* [Problem details] From the material below, please set down exactly the lines starting with the one with "liner Reusch Silk TOUCH-TEC" and going on through the one with "id, sulawesi, green", without a single picture.

* [Source records]
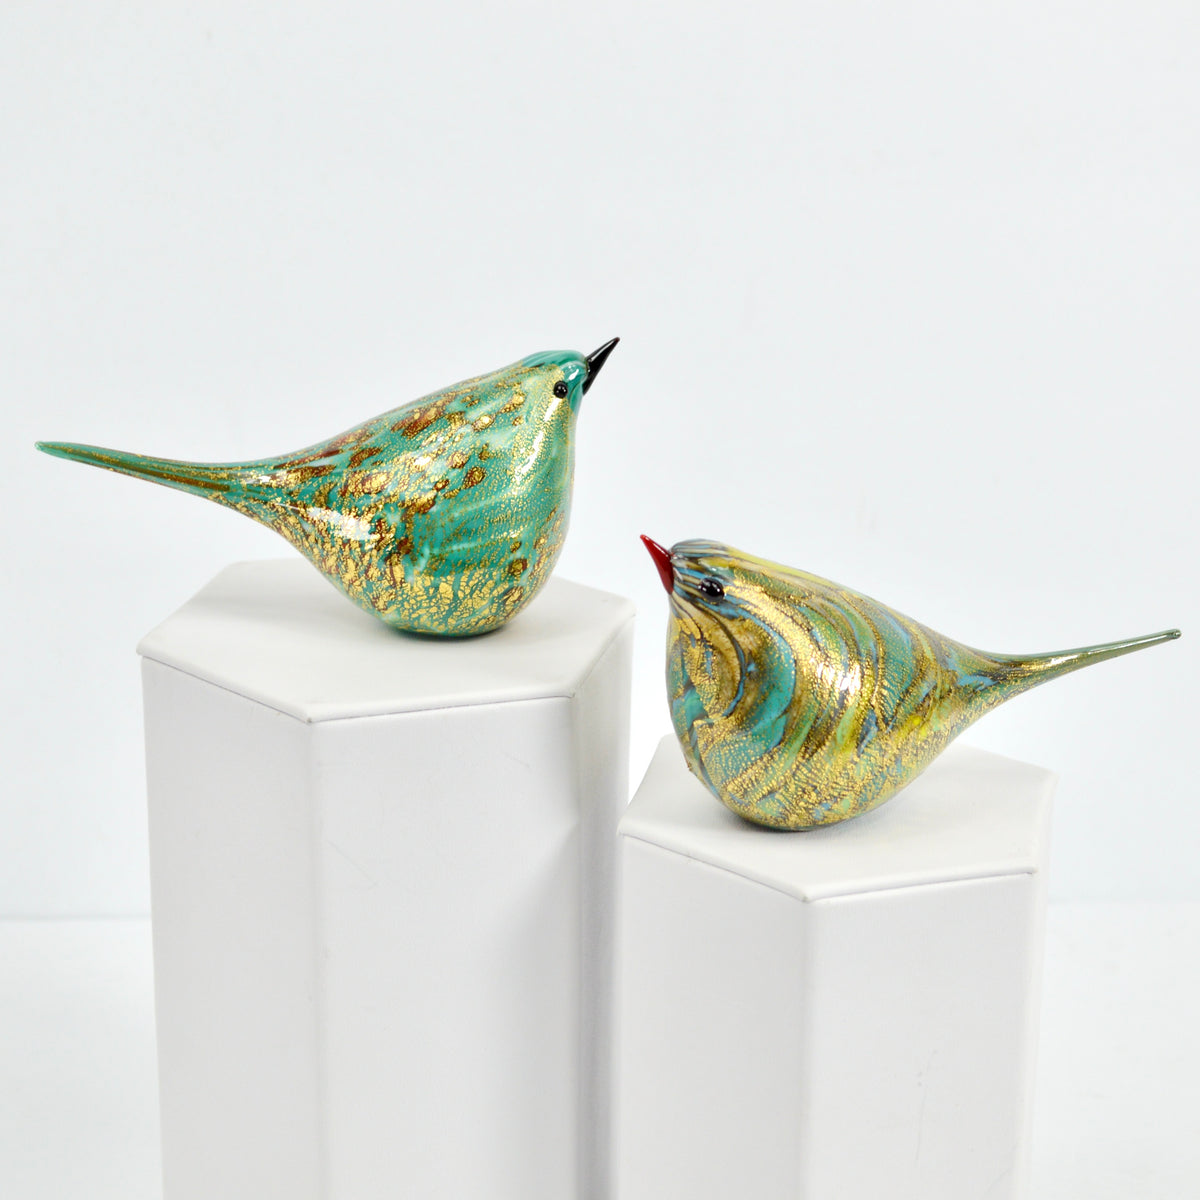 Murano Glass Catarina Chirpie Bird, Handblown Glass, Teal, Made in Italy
---
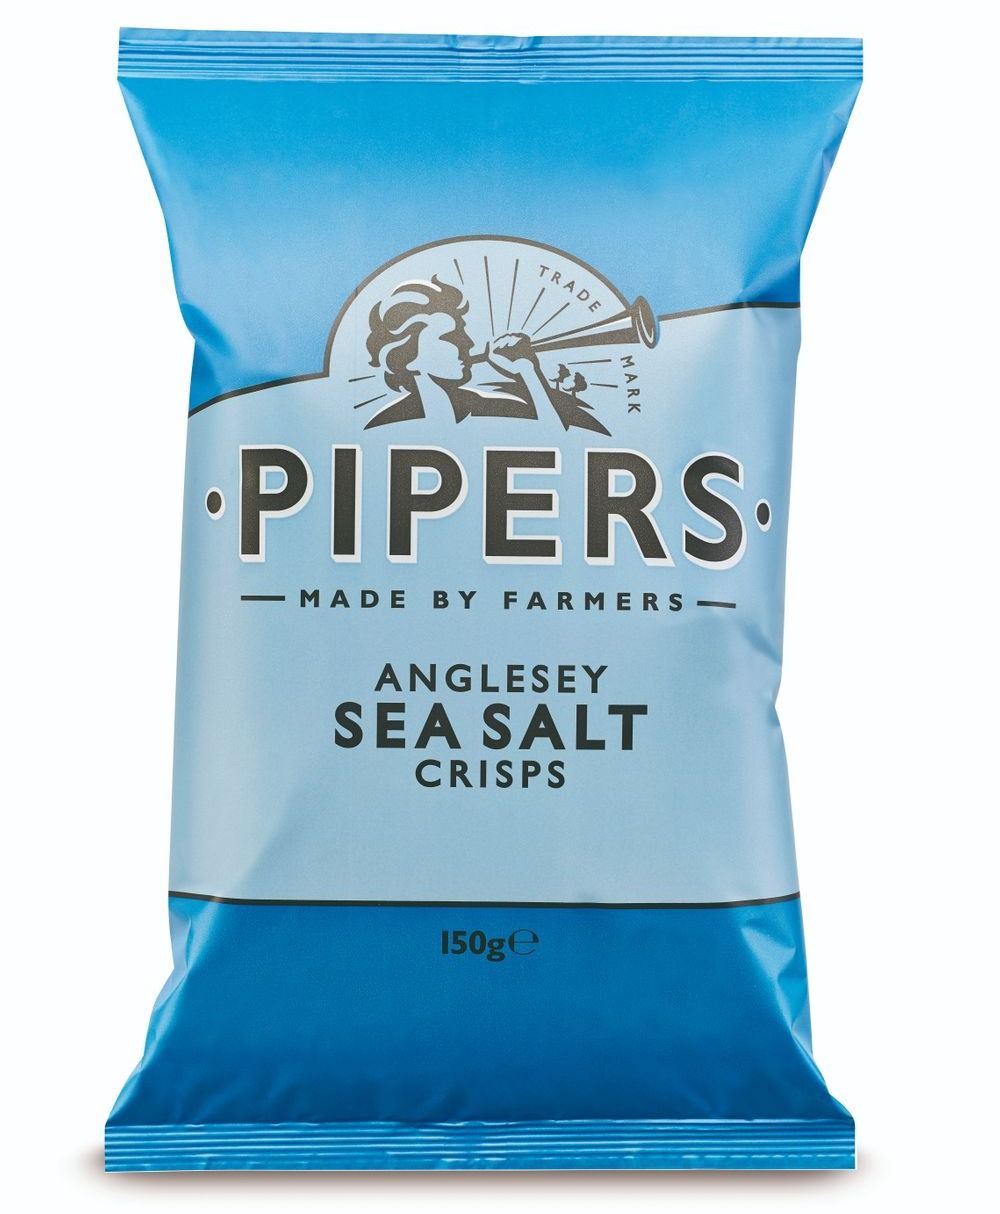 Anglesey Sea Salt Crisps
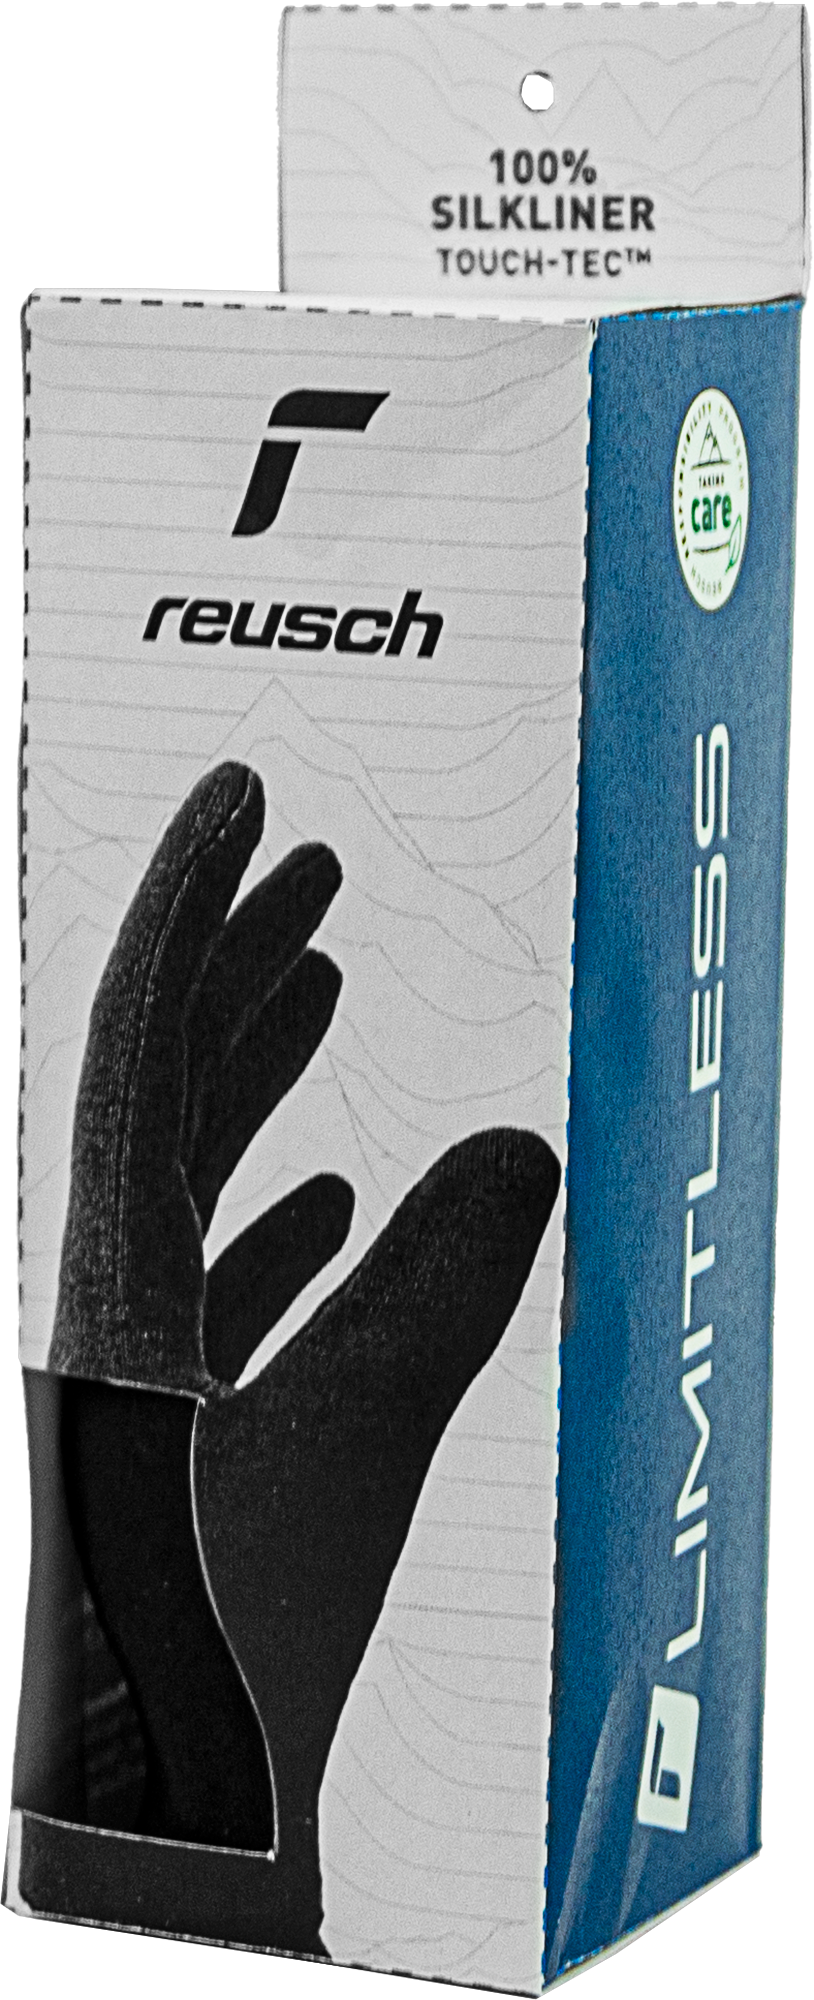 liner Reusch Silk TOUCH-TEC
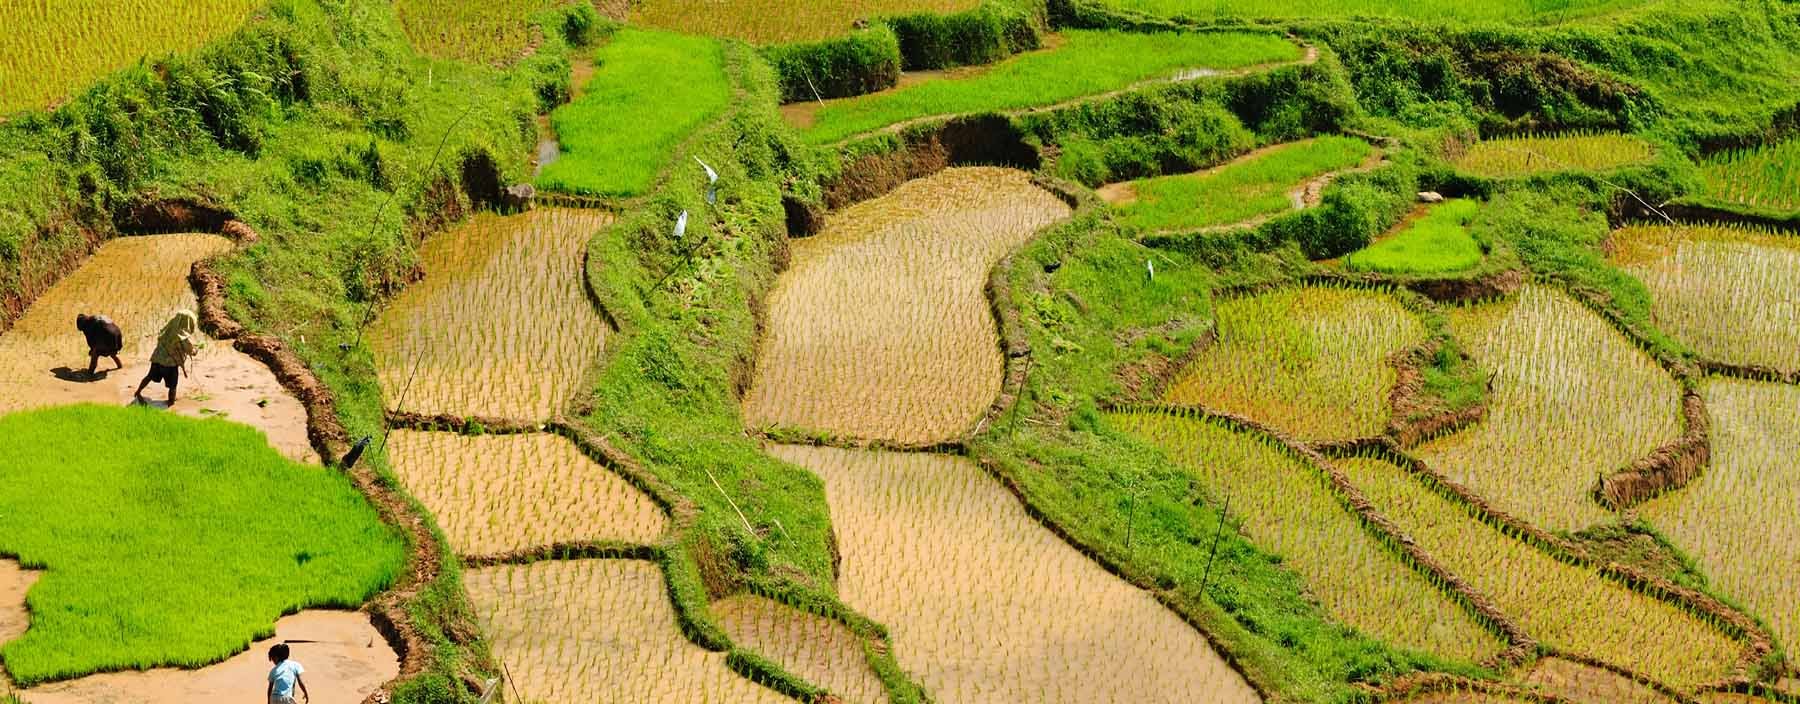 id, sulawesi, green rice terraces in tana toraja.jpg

* [Result below]
 liner Reusch Silk TOUCH-TEC
 id, sulawesi, green rice terraces in tana toraja.jpg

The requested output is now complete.